You can create a Flight with the [MotherDuck MCP server](/key-tasks/ai-and-motherduck/mcp-setup/): describe the job in natural language, and the agent writes the Python, sets the schedule, and runs it for you with the MCP's Flight tools (`create_flight`, `edit_flight_source`, `run_flight`, and the rest).

You can also create and manage Flights directly with SQL through [`MD_CREATE_FLIGHT`](/sql-reference/motherduck-sql-reference/flights/) and the other Flight table functions, from a DuckDB CLI, your BI tool, or another Flight.

## Integrating with the tools you already use

- **dlt** for ingest. Generate or hand-write a dlt pipeline that uses MotherDuck as the destination, then deploy it as a Flight.
- **DuckDB Community Extensions**. Use [community extensions](https://duckdb.org/community_extensions/list_of_extensions) you trust that are not available on MotherDuck by default.

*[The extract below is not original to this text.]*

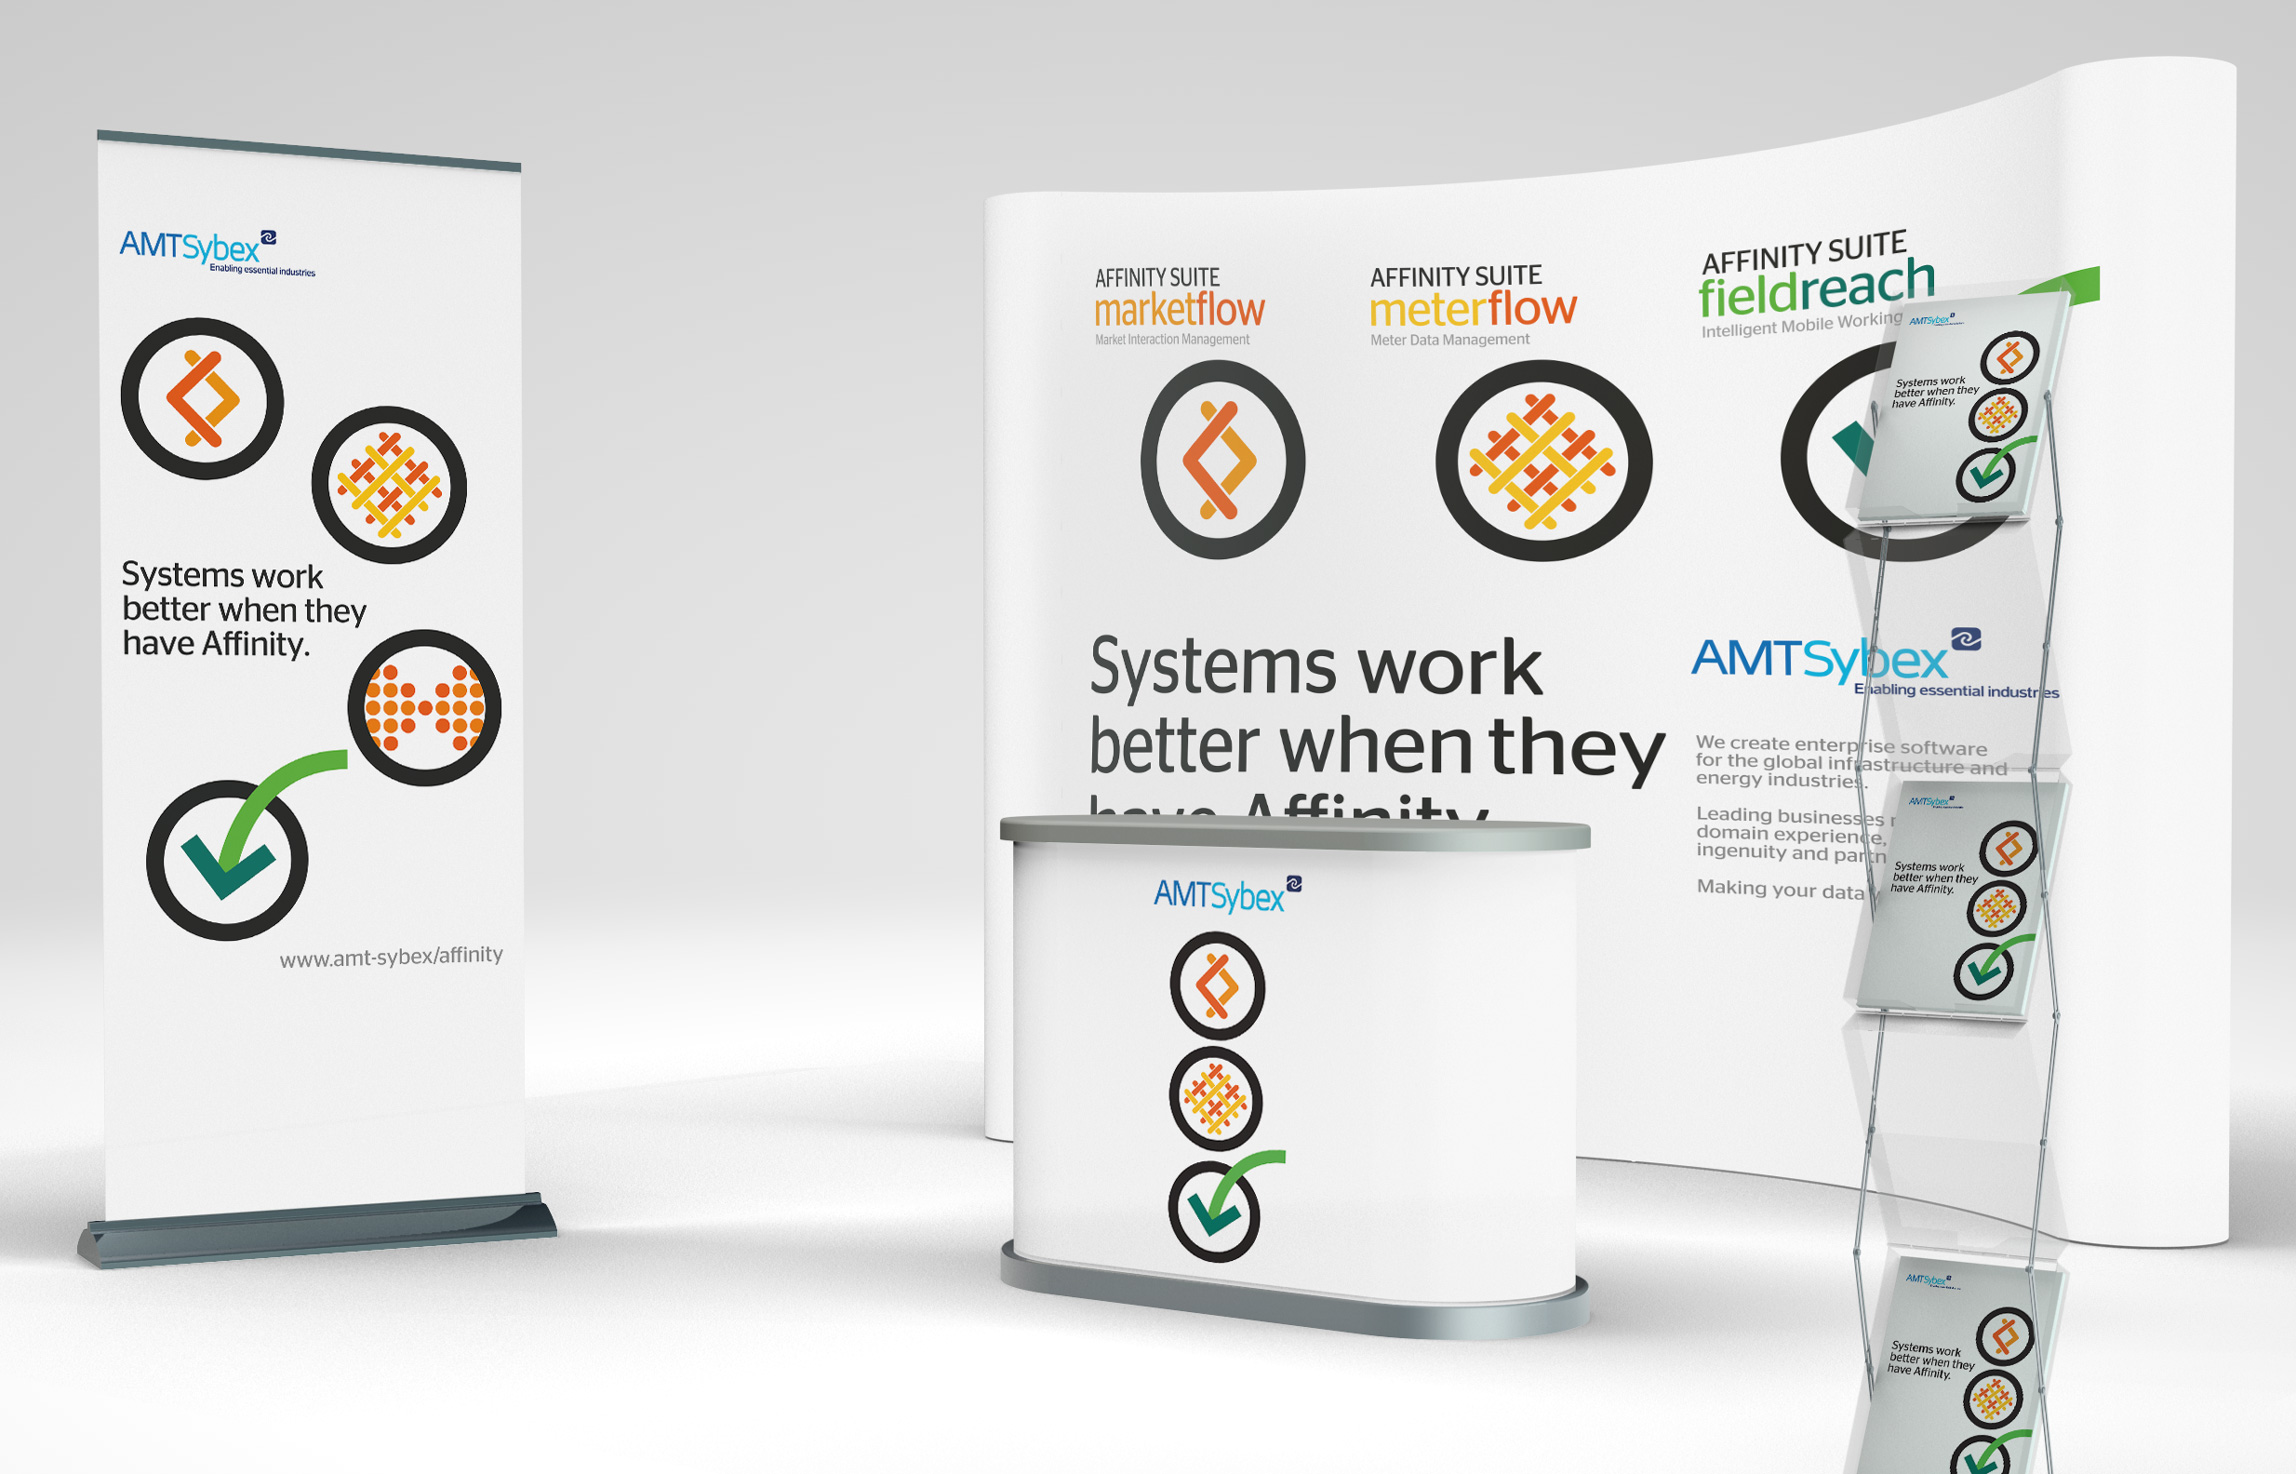 amt sybex technology rebrand product affinity suite marketing

Pull data from [BigQuery](https://duckdb.org/community_extensions/extensions/bigquery) or [Snowflake](https://duckdb.org/community_extensions/extensions/snowflake), [read YAML files](https://duckdb.org/community_extensions/extensions/yaml) and much more.
- **Anything on PyPI.** Pull in any pip-installable package through `requirements.txt`.
- **MCP and AI agents.** Agents create, edit, and run Flights through the [MotherDuck MCP Server](/sql-reference/mcp/). This is the marquee creation path: describe what you want in natural language, the agent writes the Python and wires up the schedule.

## Beyond Python

A Flight is a Linux process that runs your Python program, with shell access through `subprocess`. That opens up two patterns worth knowing.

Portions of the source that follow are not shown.